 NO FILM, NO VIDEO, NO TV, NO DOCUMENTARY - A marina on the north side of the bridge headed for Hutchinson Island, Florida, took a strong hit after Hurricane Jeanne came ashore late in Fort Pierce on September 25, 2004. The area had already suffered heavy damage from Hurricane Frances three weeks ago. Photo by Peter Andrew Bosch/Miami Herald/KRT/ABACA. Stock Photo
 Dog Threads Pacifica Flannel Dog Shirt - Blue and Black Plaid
=-=-=-=-=
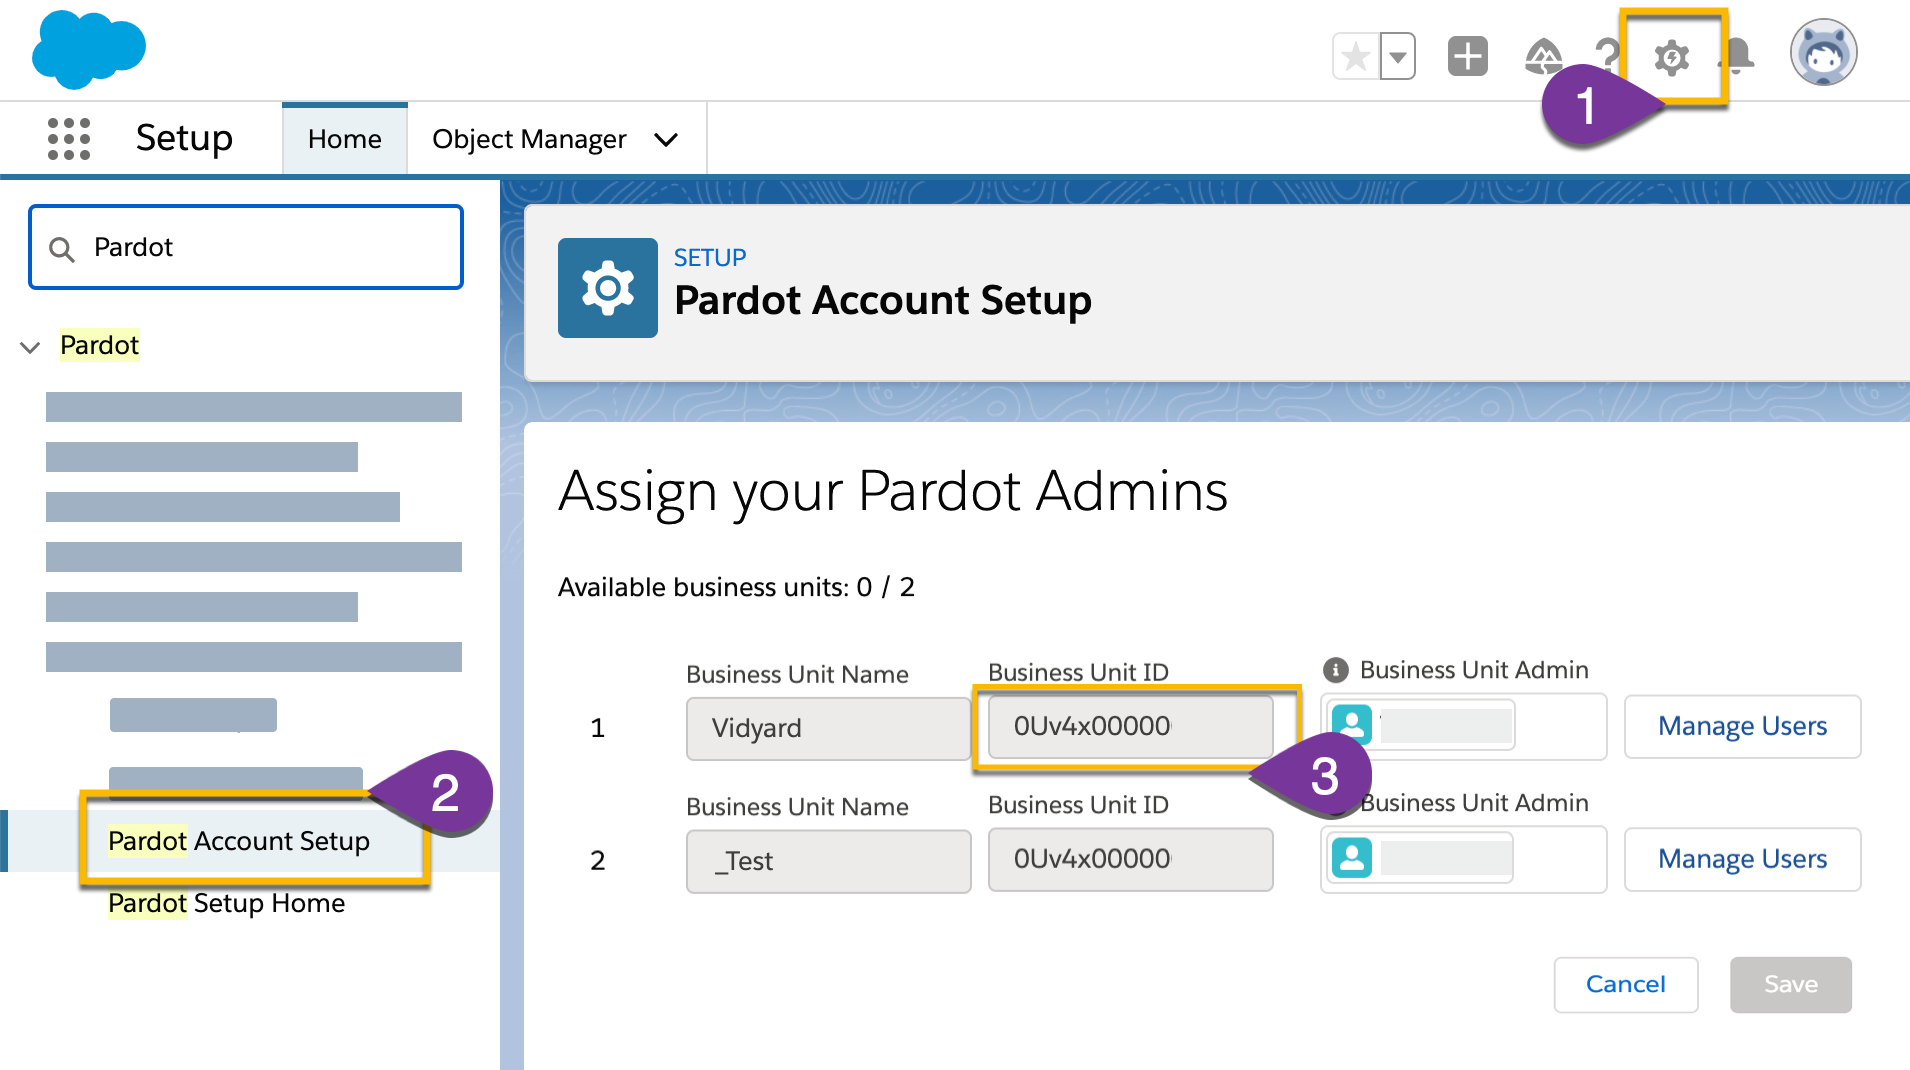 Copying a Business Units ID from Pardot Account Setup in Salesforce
=-=-=-=-=
REQUIRED ACTION =
Look above for the line containing "NO FILM, NO" and the line containing "Dog Threads Pacifica". Transcribe both, with the lines between them, exactly.

OUTPUT BELOW =
 NO FILM, NO VIDEO, NO TV, NO DOCUMENTARY - A marina on the north side of the bridge headed for Hutchinson Island, Florida, took a strong hit after Hurricane Jeanne came ashore late in Fort Pierce on September 25, 2004. The area had already suffered heavy damage from Hurricane Frances three weeks ago. Photo by Peter Andrew Bosch/Miami Herald/KRT/ABACA. Stock Photo
 Dog Threads Pacifica Flannel Dog Shirt - Blue and Black Plaid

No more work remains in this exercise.